At Smile Solutions, Melbourne's most technologically advanced dental practice, that process has been replaced by an integrated digital pipeline: intraoral scanning that captures millions of data points in seconds, and in-house DLP 3D printing that converts those data points into physical models, surgical guides, orthodontic appliances, and prosthetic components — all without leaving the building. This article examines how that pipeline works, why the specific technology choices matter clinically, and what the peer-reviewed evidence says about the superiority of this approach.
Why Traditional Impressions Fall Short: The Clinical Case for Going Digital
Conventional dental impressions involve the use of physical materials — such as alginate, polyvinyl siloxane (PVS), or polyether — loaded into an impression tray and seated in the patient's mouth until the material sets, creating a negative physical mould of the oral structures.
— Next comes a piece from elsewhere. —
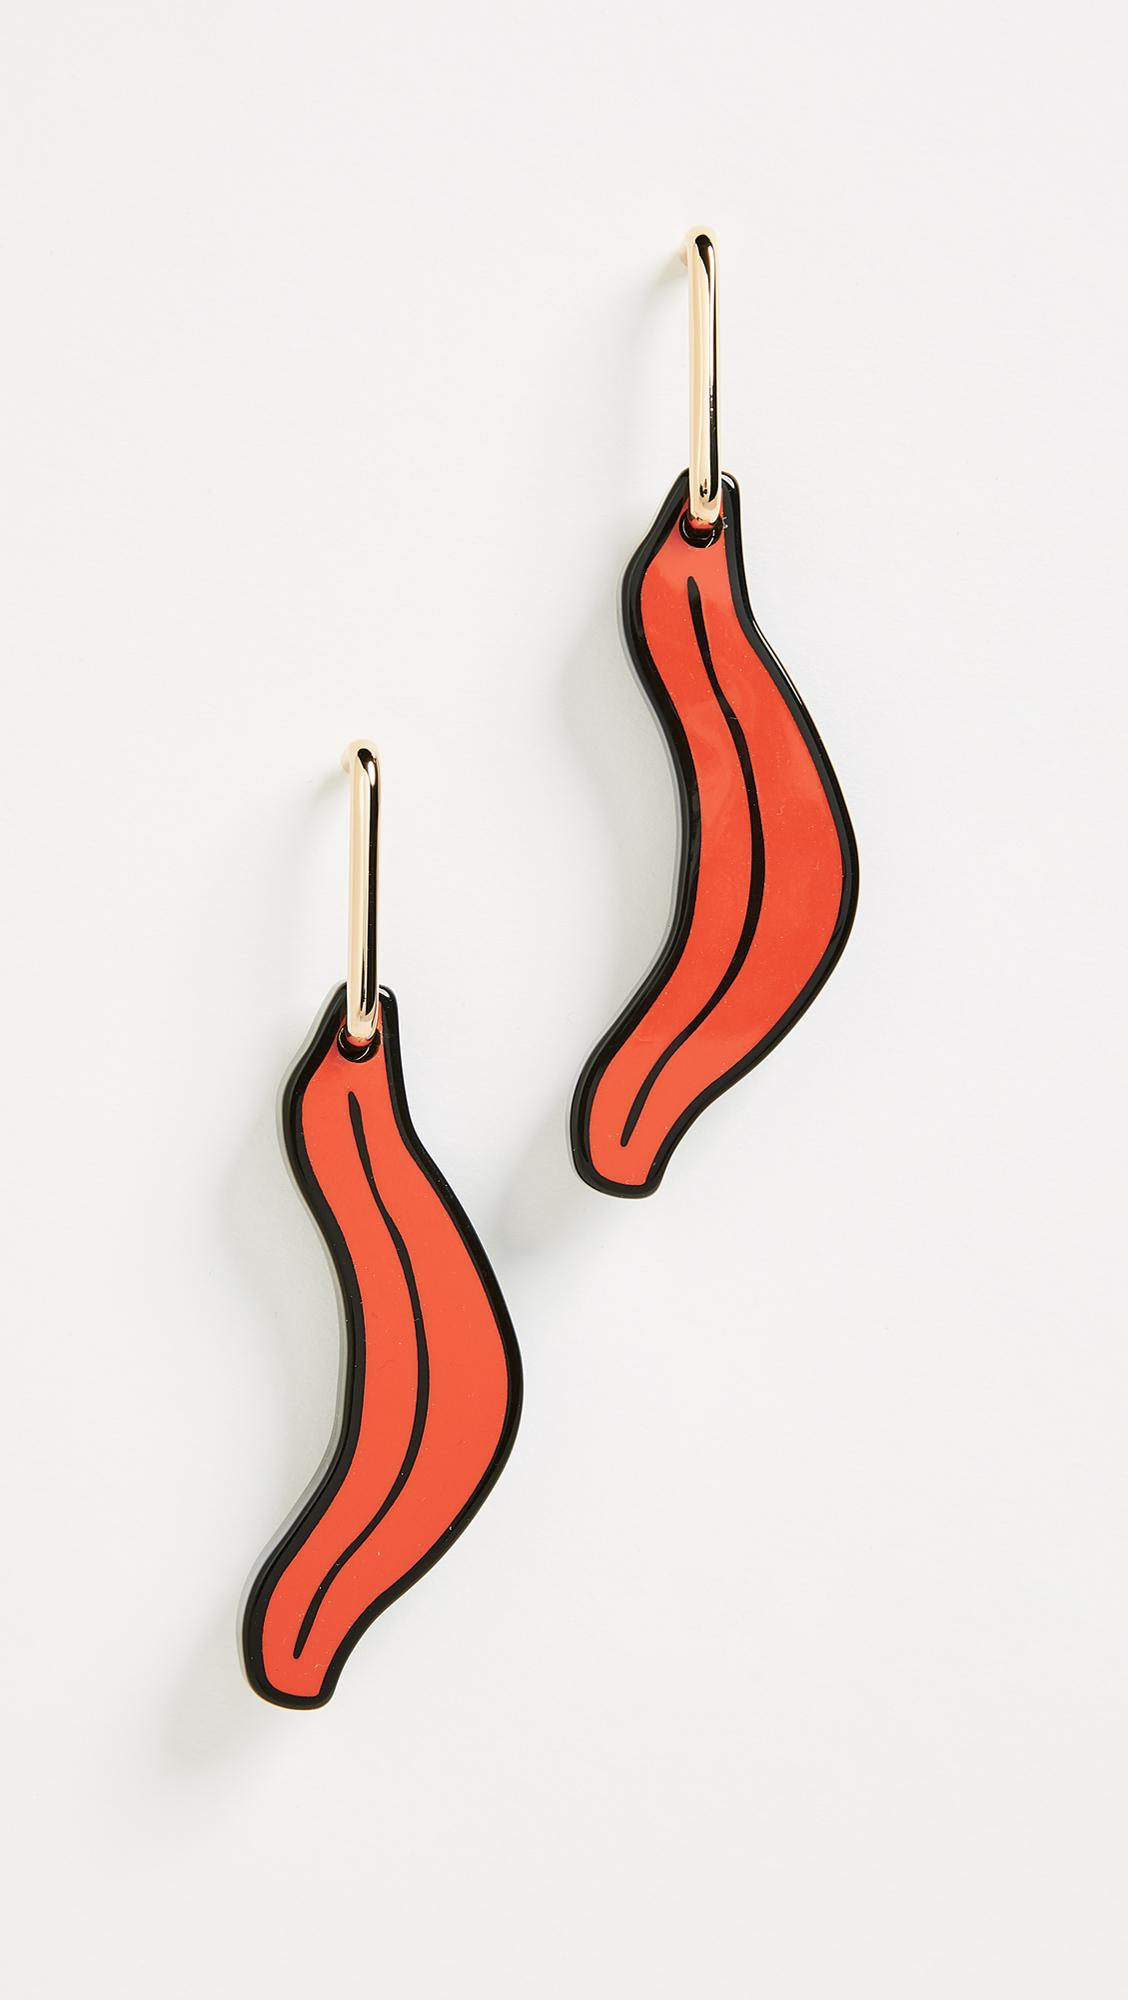 Marni Petal in Resin Earrings oCdEKau

This mould is then sent to a dental laboratory, where a stone cast is poured to create a positive replica.
This analogue chain introduces multiple opportunities for error. Research has shown that conventional dental impressions are prone to inaccuracies due to factors such as potential distortion and expansion of gypsum casts, as well as changes in shape over time when impressions are sent to dental laboratories. Alginate, in particular, is dimensionally unstable: its primary limitation is poor dimensional stability due to syneresis (water loss from the material) and imbibition (water absorption), and alginate impressions must be poured within 15 minutes to avoid distortion, unless an extended-pour formulation is used.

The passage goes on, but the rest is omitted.